Yunanistan batıyor!!!
Evet Yunanistan'da ekonomik kriz var ve neredeyse 5 yıldır Yunan ekonomisi daha da kötüye gidiyor. Seçimler oldu partiler koalisyon kuramadı. Öyle olunca yeniden seçim kararı alındı. Anlayacağınız Yunanlar öyle durumda ki hükümet bile kuramıyorlar.
Batıyor Yunanistan yahu!!!
Peki biz ne durumdayız?
Allah'a şükür komşuya oranla bizim durumumuz süper. Harika yav. Baksana komşu batıyor yahu..
Ben sana bir şey söyleyeyim mi?
Biz hiçbir zaman Yunanistan olamayız.
"E tabi baksana adamlar ne durumda. Yazık ya" diyorsun ya hani şimdi, onu demiyorum.
Biz asla Yunanlar gibi olamayız derken onların haksızlığa karşı verdiği mücadeleden bahsediyorum sana.
"Nasıl yani?" diyorsun şimdi değil mi.
Bak anlatayım sana.
Bundan 3 yıl önce Yunan ekonomisi şimdiki sinyallerini verirken başladı Yunan halkının isyanı. Yanlış politikalar, ekonomik kararların günden güne ülkeyi kötüye götürmesi derken halk artık isyan noktasına geldi ve senin benim gibi kafasını eğip oturmayan genç yaşlı Yunan halkı sokaklara döküldü.
Derken 6 Aralık 2008'de 15 yaşında bir çocuk, Alexandros Grigoropoulos, polisin tabancasından çıkan bir kurşun sonucu öldürüldü. Alexis zengin bir ailenin çocuğuydu ama bu haksızlığa bu zulme ses çıkarması için fakir olmasına gerek yoktu. Alexis ile ilgili daha önce bir yazı yazmıştım hatırlarsınız. Hatırlamayanlar burdan okuyabilir.
Bugün geldiğimiz noktada Yunanistan daha iyiye gitmedi belki ama o halk Alexis'in hesabını fazlasıyla ödetti sorumlulara.
15 yaşında bir çocuğun yaşam hakkının hesabını sordu Yunan halkı.
Biz Yunanistan olamayız derken zaten ben de bundan bahsediyorum.

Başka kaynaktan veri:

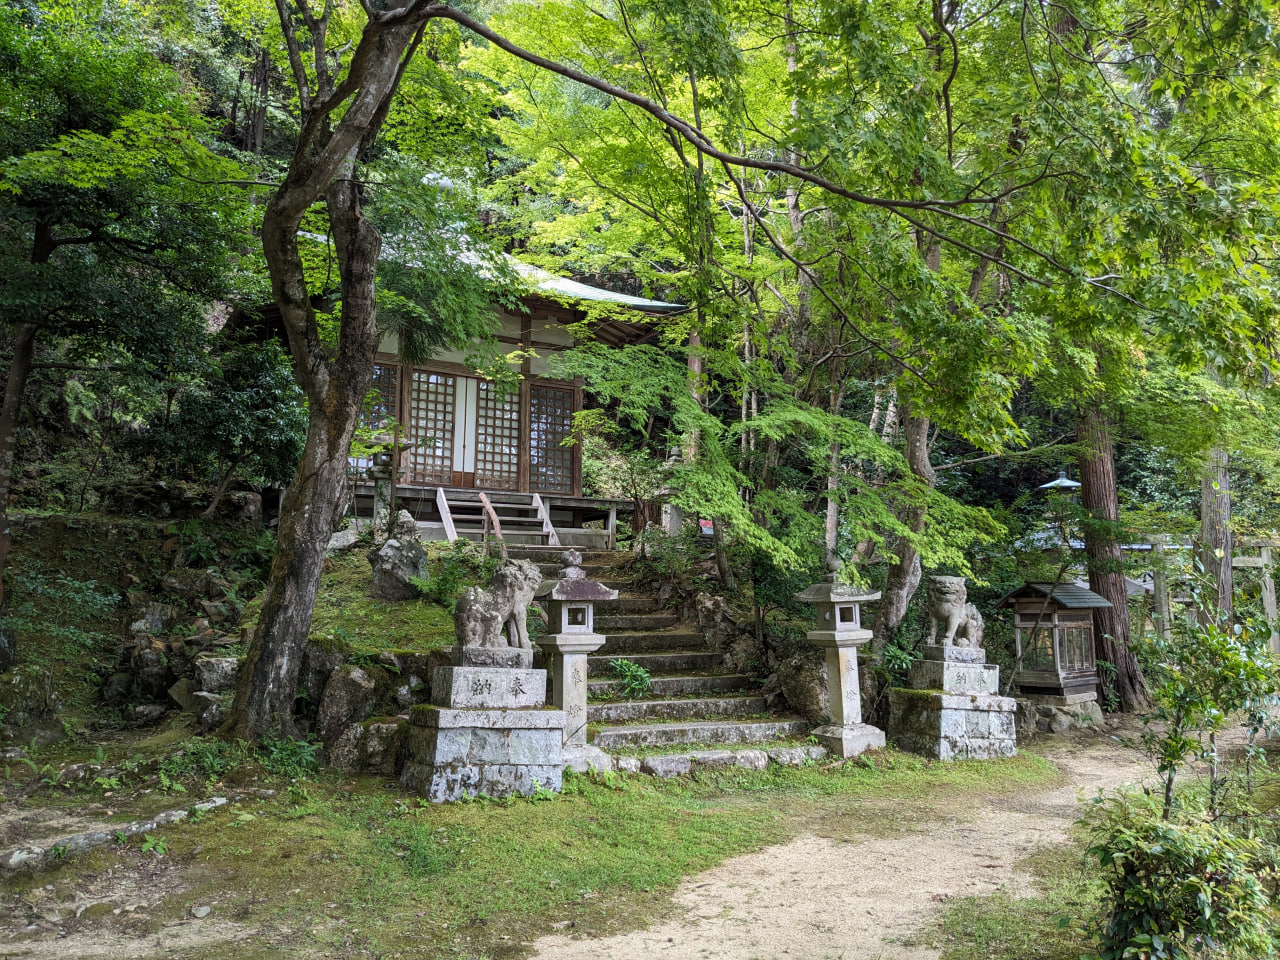 a shrine is surrounded by trees, like they are consuming it in foliage

Bugün Çayan Birben hayatını kaybetti. Çayan Birben 31 yaşında bir kavgayı ayırmaya çalışırken polisin biber gazından hastanelik oldu. Çünkü Çayan astım hastasıydı. Polise "Ağbi yapmayın astımım var" diye haykırdı ama polis onu dinlemedi. Ölüm haberini alan ailesi o sinirle polise saldırınca
onlar da biber gazı yediler.
|
Çayan Birben |
Bugün, gazeteci Ali Akel, Uludere olayındaki tavrı nedeniyle Başbakan'ı eleştiren
şu yazıyı yazdığı için 16 yıldır çalıştığı gazetesinden kovuldu. Ali Akel Yeni Şafak'ta yazıyordu hem de. Yeni Şafak gazetesinin kime yakın olduğunu yazmayayım isterseniz.
Bugün Başbakan yanlış buluyor diye kürtajın kanunen yasaklanması gündemde.
Başbakan bir sanat eserini beğenmiyor, o heykel hemen yıkılıyor, Başbakan "Kürtaj cinayetttir" diyor ertesi hafta kürtaj yasaklanıyor. Aynı Başbakan 34 kişinin kendi ülkesinin askerleri tarafından katletildiği Uludere için "Parası neyse verdik" diyor, İçişleri bakanı "Biber gazı sağlığa zararlı değil" diyor.
Halk ne yapıyor peki?
Halk susuyor. Hiçbir şey yapmıyor.
Astım hastası Çayan biber gazından ölünce susuyor.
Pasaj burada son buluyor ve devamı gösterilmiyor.